Поднялась суматоха. Авраам, словно обезумев, бросился домой, плача и расшвыривая по дороге комья земли, а когда прибыли полицейский и ветеринар, Зайцера во дворе уже не было. Дядя спрятал его в зарослях возле источника. В то утро я был занят заливкой бетона и установкой памятников на двух новых могилах и только после обеда, вернувшись домой, узнал о том, что произошло. Авраам отказался рассказать, куда он спрятал своего мула, но на следующее утро, когда я пошел к источнику, чтобы побыть наедине, я обнаружил Зайцера там. Его пустая глазница сочилась медленными гнойными слезами.
«Я принесу тебе ячменя», — сказал я ему, но Зайцер был уже в ином мире — шел дорогами старой земли, размышляя о суете жизни и нюхая цветущие растения, даже имени которых никто уже не помнил, а найти их можно было только в альбоме, где моя мать хранила засушенные цветы. Вечером пришел Авраам, чтобы охранять Зайцера от диких зверей и государственных чиновников, но около полуночи он задремал. Зайцер воспользовался случаем и исчез в полях.

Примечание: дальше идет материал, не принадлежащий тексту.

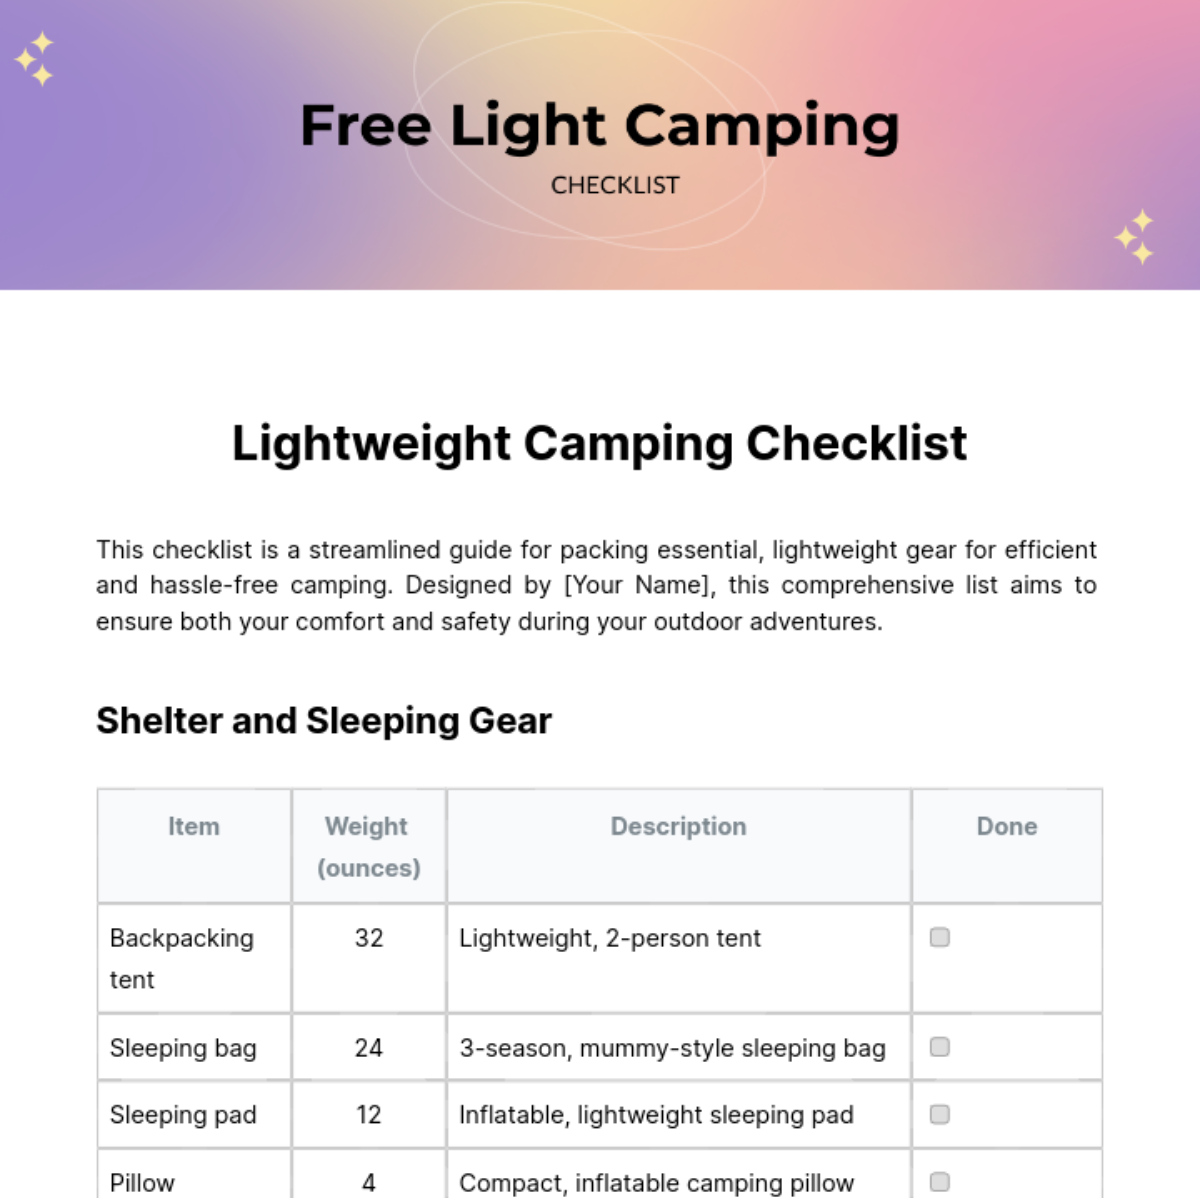 Free Light Camping Checklist Template

Наутро, с восходом солнца, мы уволокли его большое, разрезанное пополам тело с главной дороги. Зайцер знал, что в три часа ночи большой трейлер с молоком проходит здесь из деревни в город, и ждал его на обочине шоссе.
«Он выпрыгнул из темноты и распластался прямо перед колесами, — рассказывал потрясенный Мотик, водитель трейлера. — У меня было двадцать восемь тонн молока в цистерне, и я ничего не мог уже сделать».
Хрупкий и ломкий, истонченный трудом и годами, Зайцер раскололся от удара огромного бампера, как старая глиняная кукла. Следы шин, остатки шерсти и кровавая пыль, обрывки мяса и куски ветхой, шелестящей кожи растянулись на четверть километра. Авраам бегал по дороге и кричал, разгоняя хищно подбиравшихся шакалов.
Через месяц Шломо Левин вернулся из больницы с культей, болтавшейся в пустом рукаве. Никто не поздоровался с ним, потому что покойный Зайцер был «одной из исполинских фигур нашего Рабочего движения», как выразился на вечере памяти в Народном доме Элиезер Либерзон, который специально выбрался для этого из дома престарелых.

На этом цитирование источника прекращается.